## WORK REQUIRED:
Leave every image out, and return the rest of the data word for word.

## INFORMATION SHOWN:
+===+
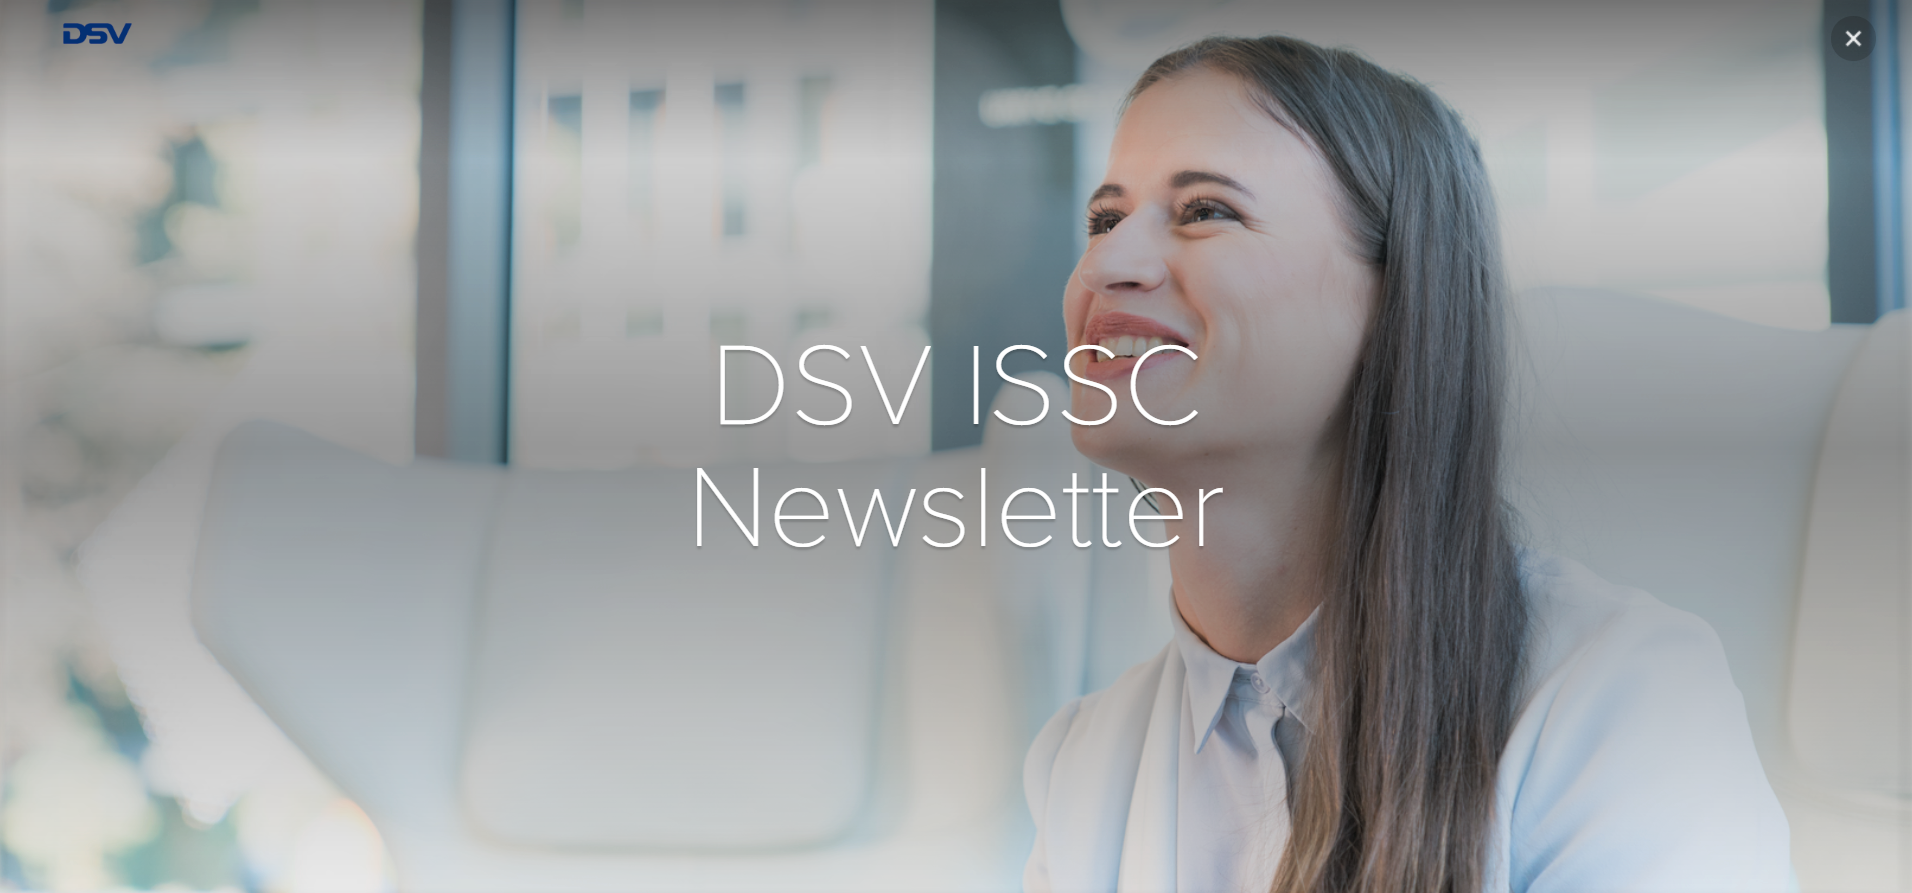 DSV ISSC Newsletter for Students
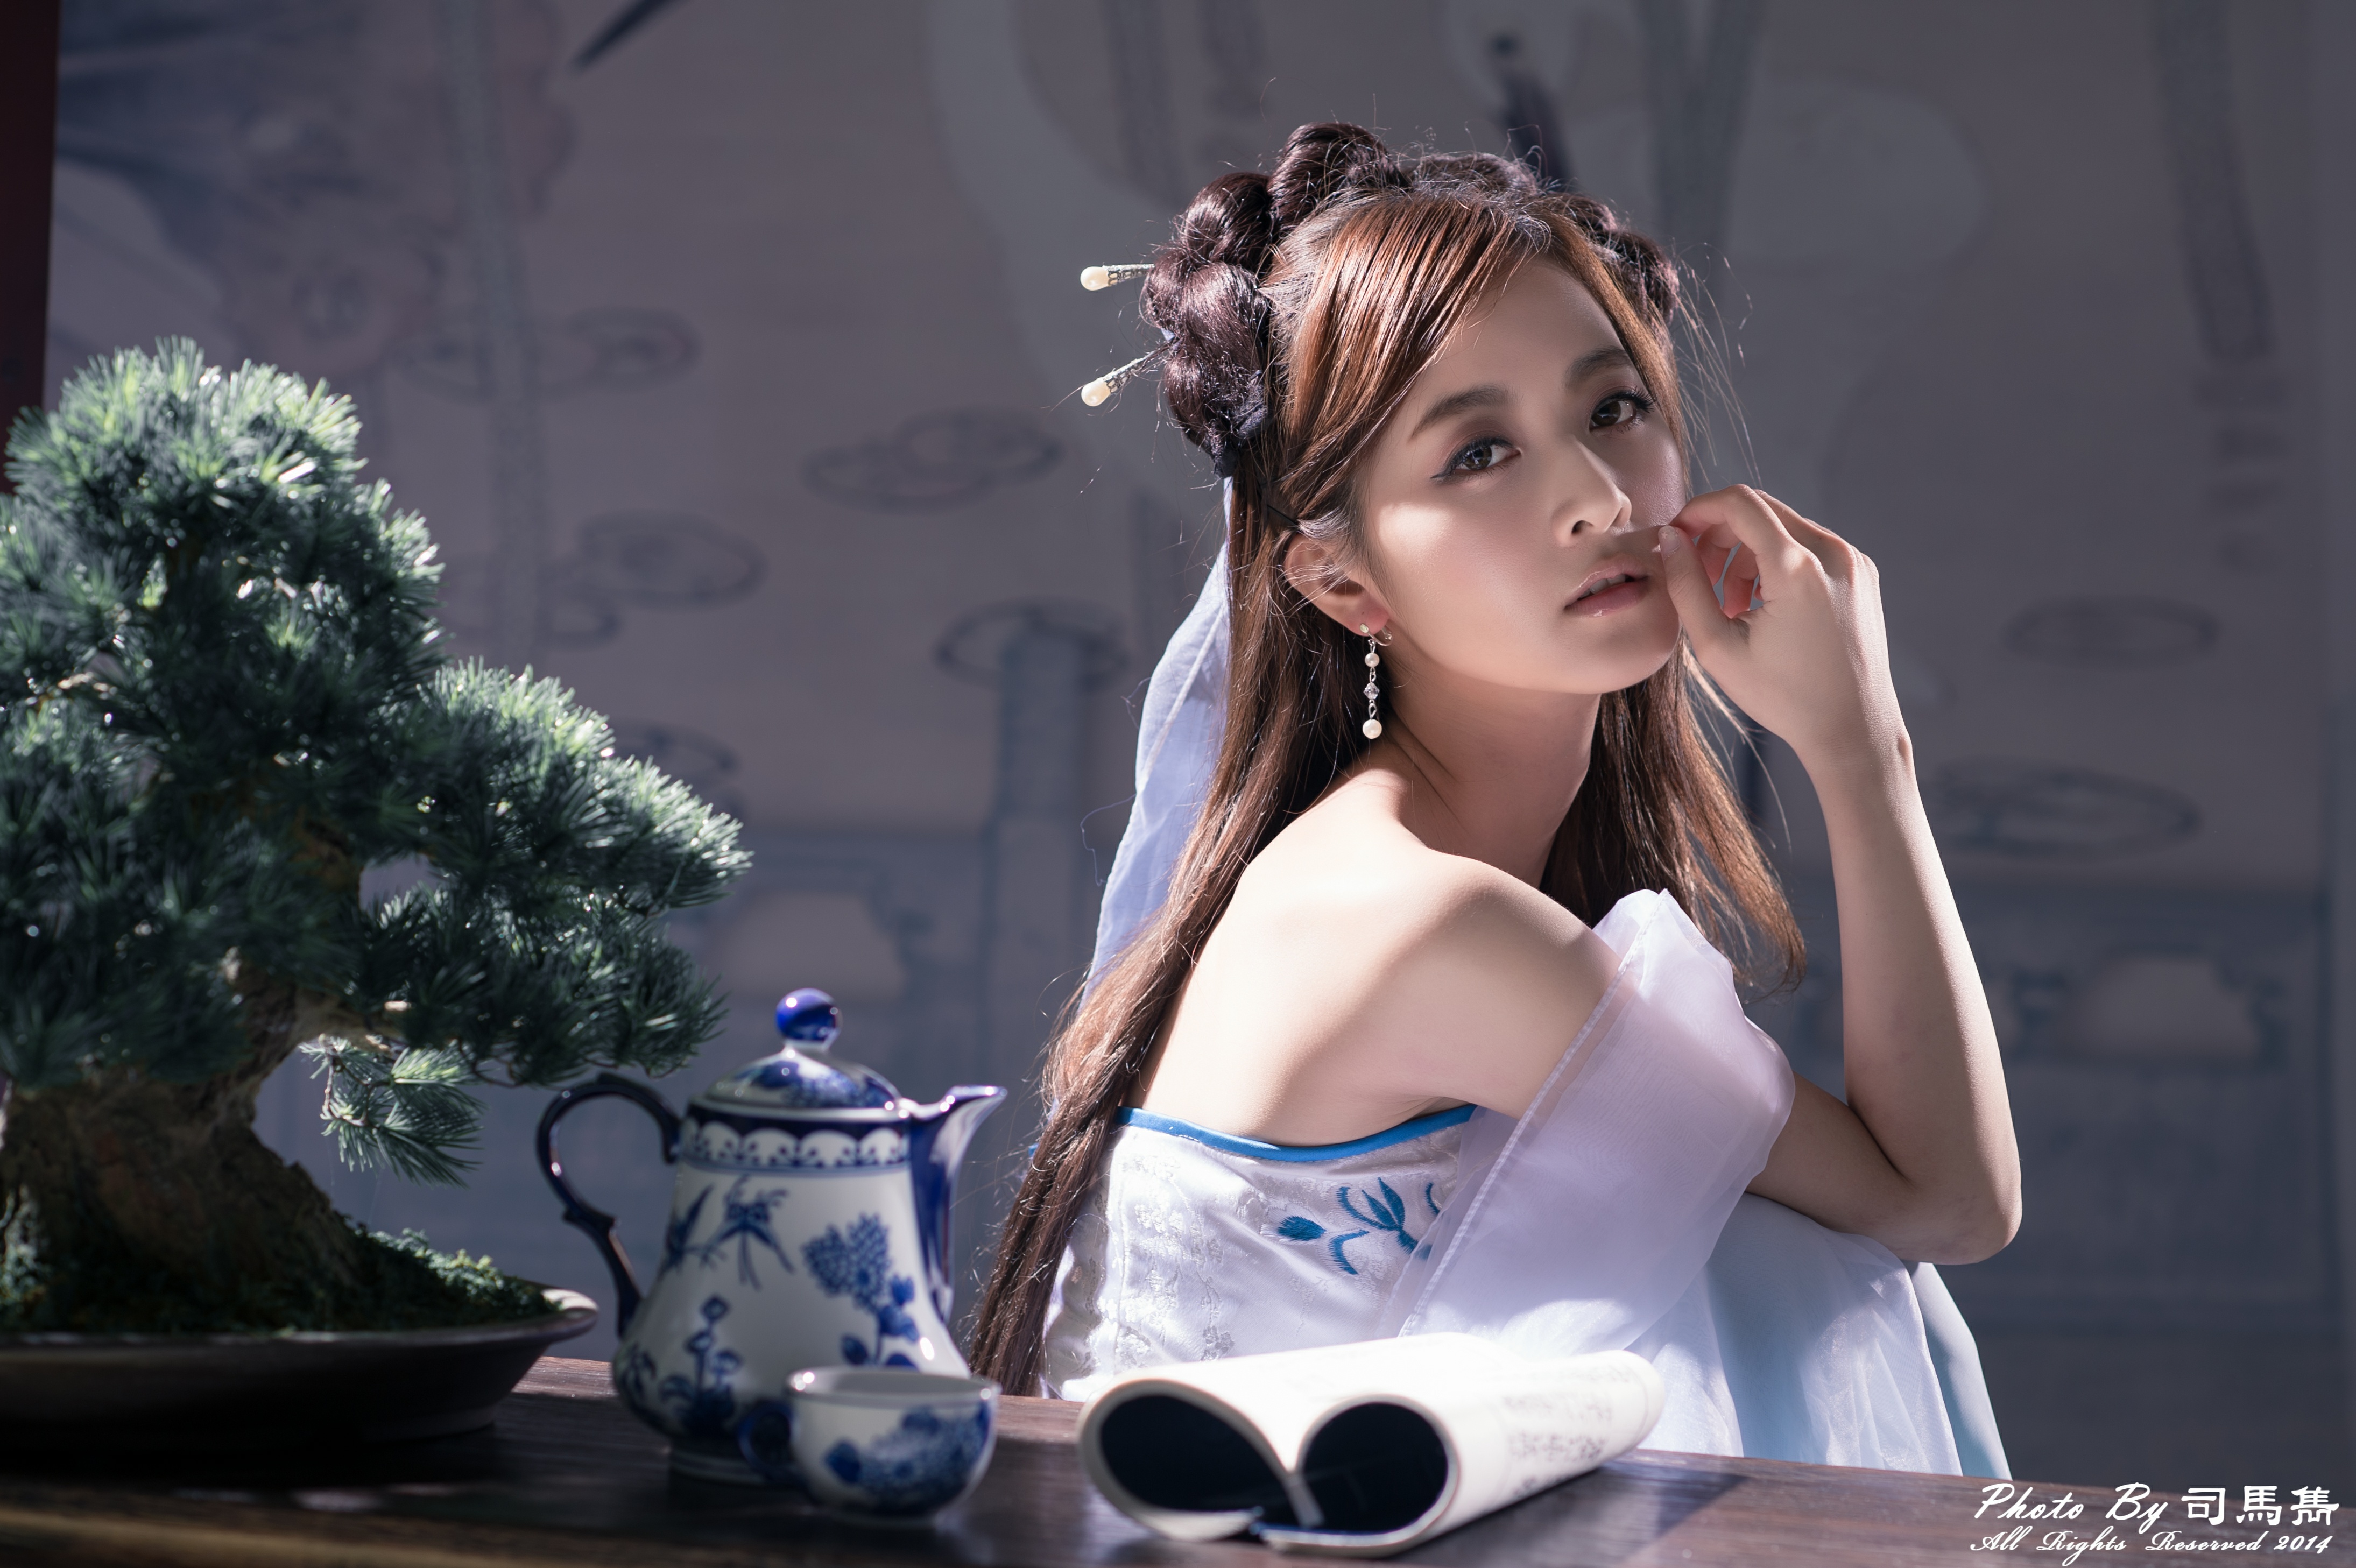 Asian Bonsai Cup Hair Dress Hairpin Mikako Zhang Kaijie Taiwanese Tea Set 4378x2914
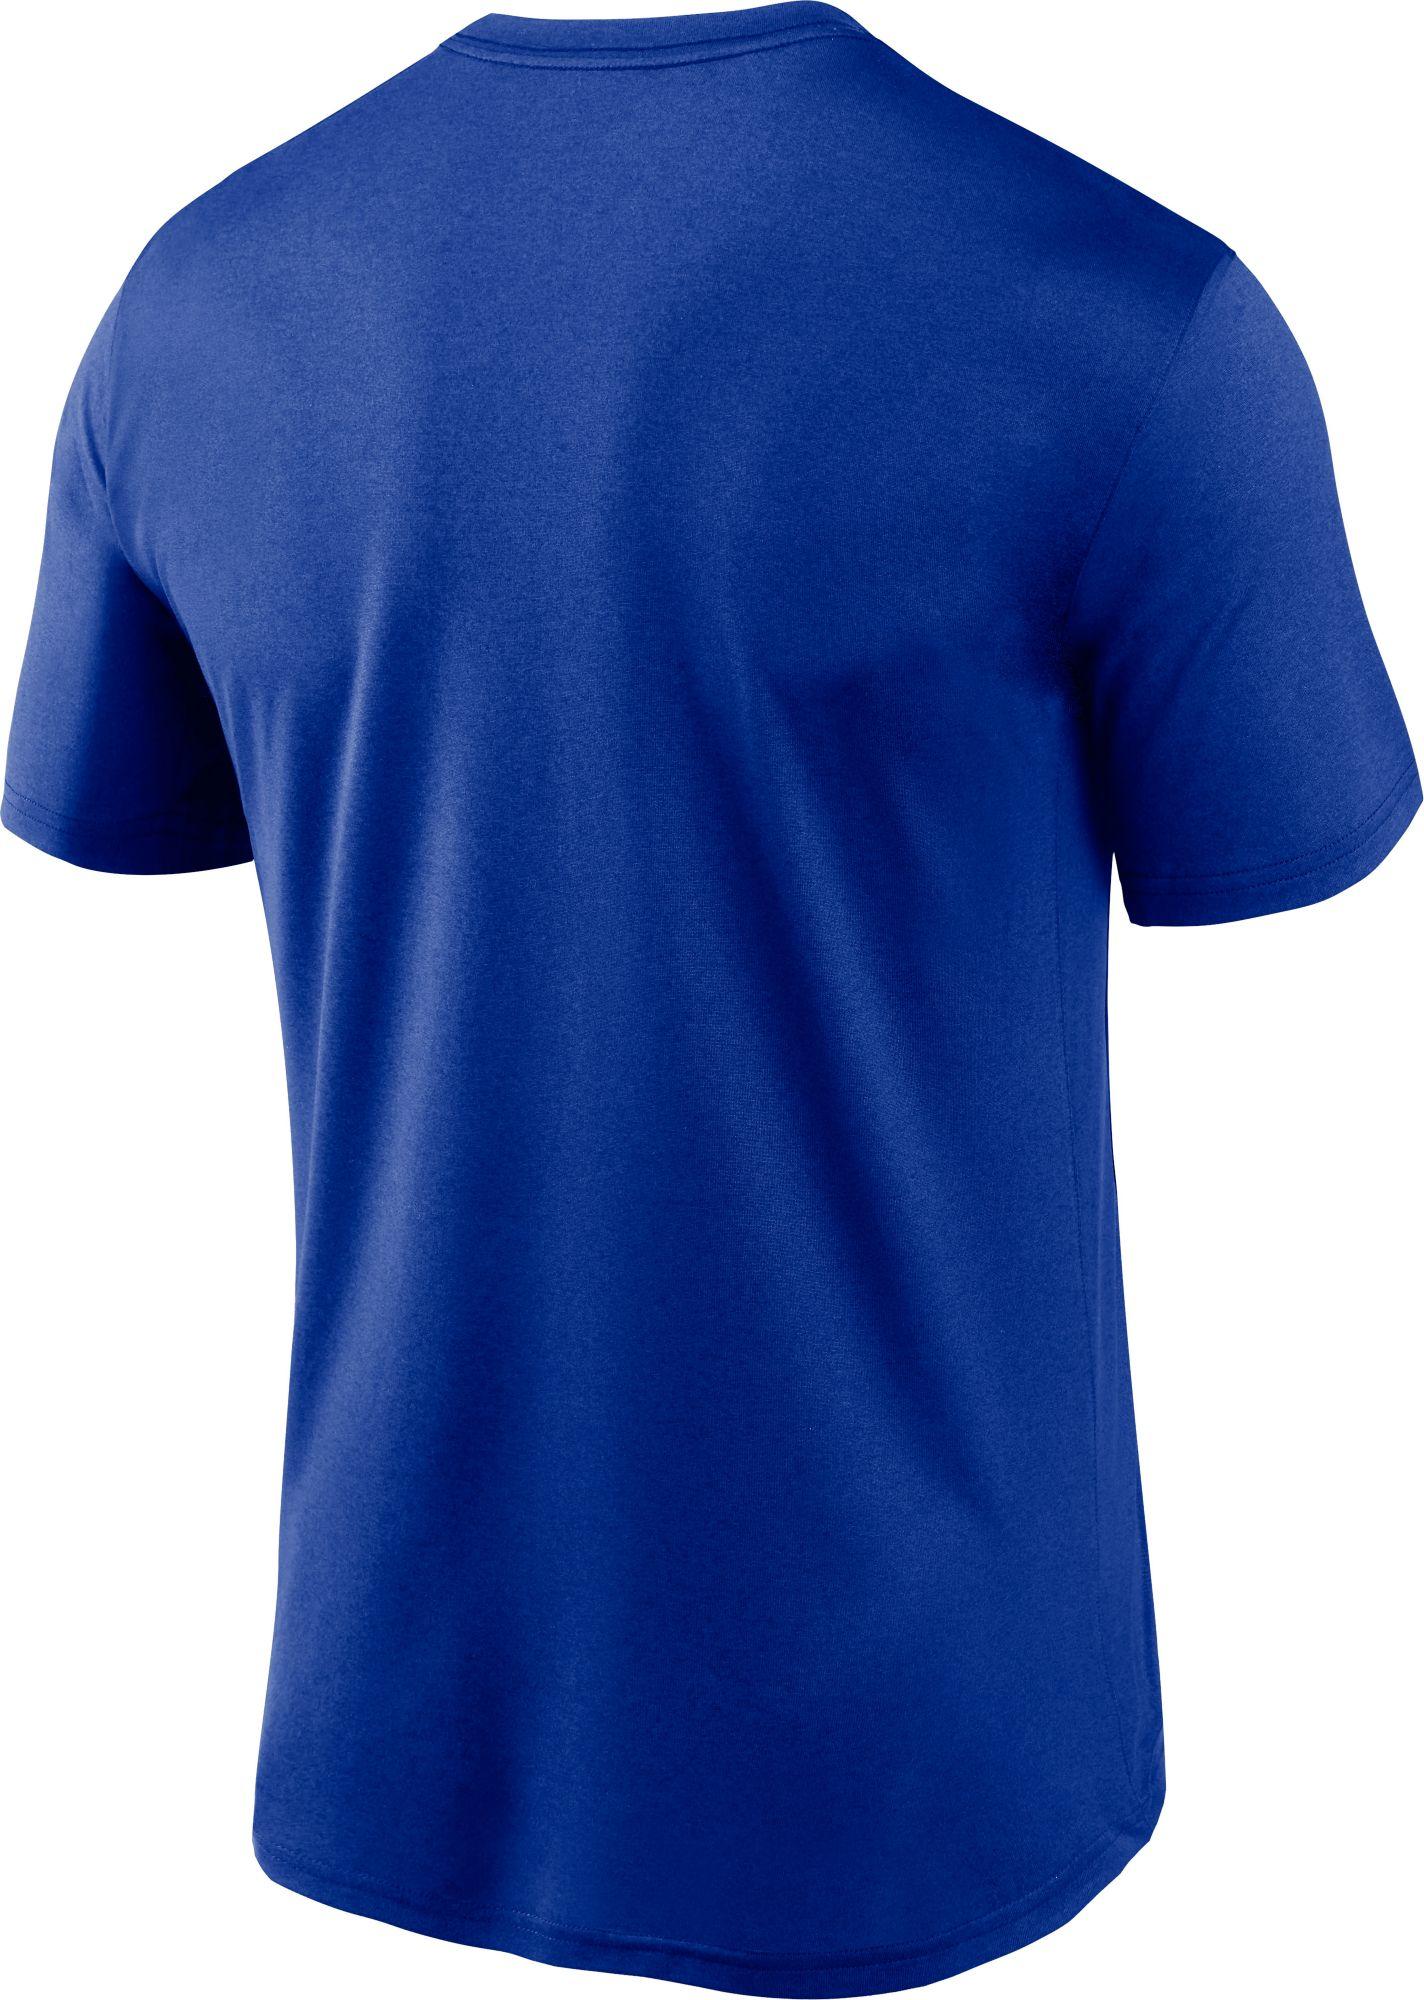 Nike Buffalo Bills Sideline Dri-fit Cotton T-shirt in Blue for Men - Lyst
+===+
## TASK RESULT:
 DSV ISSC Newsletter for Students
 Asian Bonsai Cup Hair Dress Hairpin Mikako Zhang Kaijie Taiwanese Tea Set 4378x2914
 Nike Buffalo Bills Sideline Dri-fit Cotton T-shirt in Blue for Men - Lyst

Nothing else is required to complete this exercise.